Greetings! Anybody have a good idea how to adapt a hydraulic pump to a MF65 tractor so that I can install a loader on the front? It has PTO and a live 3pt hitch, but no hydraulic pump or controllers.

Any ideas at all would be appreciated! Cheers!


----------



## BobBoyce (Aug 21, 2004)

Many of the farmers around here just attach their hydraulic pump to the PTO. You can make up a removable assembly, if you like, to mount your control valves in.

Bob


----------



## Ross (May 9, 2002)

Did you want ideas on a front mounted pump running off the flywheel or a tap system to pull high pressure off the existing internal hydraulics?


----------



## Ozarks_1 (Jan 11, 2003)

1948 Ferguson TO20 ...

When I added the front end loader - an old Dearborn unit - I wanted to keep the PTO available at all times.
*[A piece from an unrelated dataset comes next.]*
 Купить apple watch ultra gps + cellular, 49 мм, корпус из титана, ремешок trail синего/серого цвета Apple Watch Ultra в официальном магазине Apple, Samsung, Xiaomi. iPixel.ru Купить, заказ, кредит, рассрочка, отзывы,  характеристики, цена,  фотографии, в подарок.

I mounted an electric-hydraulic pump from a flatbed car carrier on a homebuilt bracket behind the tractor seat. I put a manual switch and large indicator light in the dash of the tractor to turn the pump on (through an auto solenoid) when needed. Homebuilt levers attached to a set of used control valves from a forklift completed the installation. 

The only problem I've encountered so far with this set-up is it's necessary to turn the pump on ONLY when you need it and not leave it running needlessly. The electric motor used is a simple heavy-duty GM starter motor adapted to a hydraulic pump - and it tends to overheat and stop working after a while if running continually. (After it cools off, it works fine once again.) 
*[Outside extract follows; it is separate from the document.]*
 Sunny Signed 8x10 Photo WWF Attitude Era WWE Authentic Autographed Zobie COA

BTW - the reason for the large indicator light is simple: I tend to wear hearing protectors when operating the tractor and it's hard to hear the hydraulic pump over the engine noise ... the indicator light is hard to miss. 

Good luck!


----------



## rambler (Jan 20, 2004)

waterguy said:


> Greetings! Anybody have a good idea how to adapt a hydraulic pump to a MF65 tractor so that I can install a loader on the front? It has PTO and a live 3pt hitch, but no hydraulic pump or controllers.
> 
> Any ideas at all would be appreciated! Cheers!


I'm not terribly familiar with MF, but:

I believe you can easily put a front crankshaft driven pump on them. Some loaders incorporate a tank in the frame, etc. or you can use the oil from your tractor rear or add a tank.

You can tap into the exsisting hyd pump that runs your 3pt. generally a plate & set of valves - like I say, not sure on your make. Depends on how many gallons/minute you need, and what your tractor pump supplies....

You can put a pto hyd pump on your tractor. Again, can be a totally independent system with it's own tank, or can use the rear hyd fluid. This works better with live pto...

You might wish to ask at www.ytmag.com, lots of experience with this type of thing there.

--->Paul


----------



## jacksun (May 16, 2004)

waterguy said:


> Greetings! Anybody have a good idea how to adapt a hydraulic pump to a MF65 tractor so that I can install a loader on the front? It has PTO and a live 3pt hitch, but no hydraulic pump or controllers.
> 
> Any ideas at all would be appreciated! Cheers!


YOUR MF65 ALREDY HAS HYDRAULICS THATS WHAT RUNS THE 3PT HITCH THERE IS A PLATE WITH A PLUG RIGHT BETWEEN YOUR LEGS WHILE YOU ARE SITTING ON THE SEAT THATS WHERE THE ACC HYDRAULIC LINES ATTACH THE FACTORY VALVES BOLTED ON THERE BU THE ACCESSORY VALVES HAVE TO HAVE ANOTER LINE AND BE MOUNTED SOMEWHERE ELSE.


----------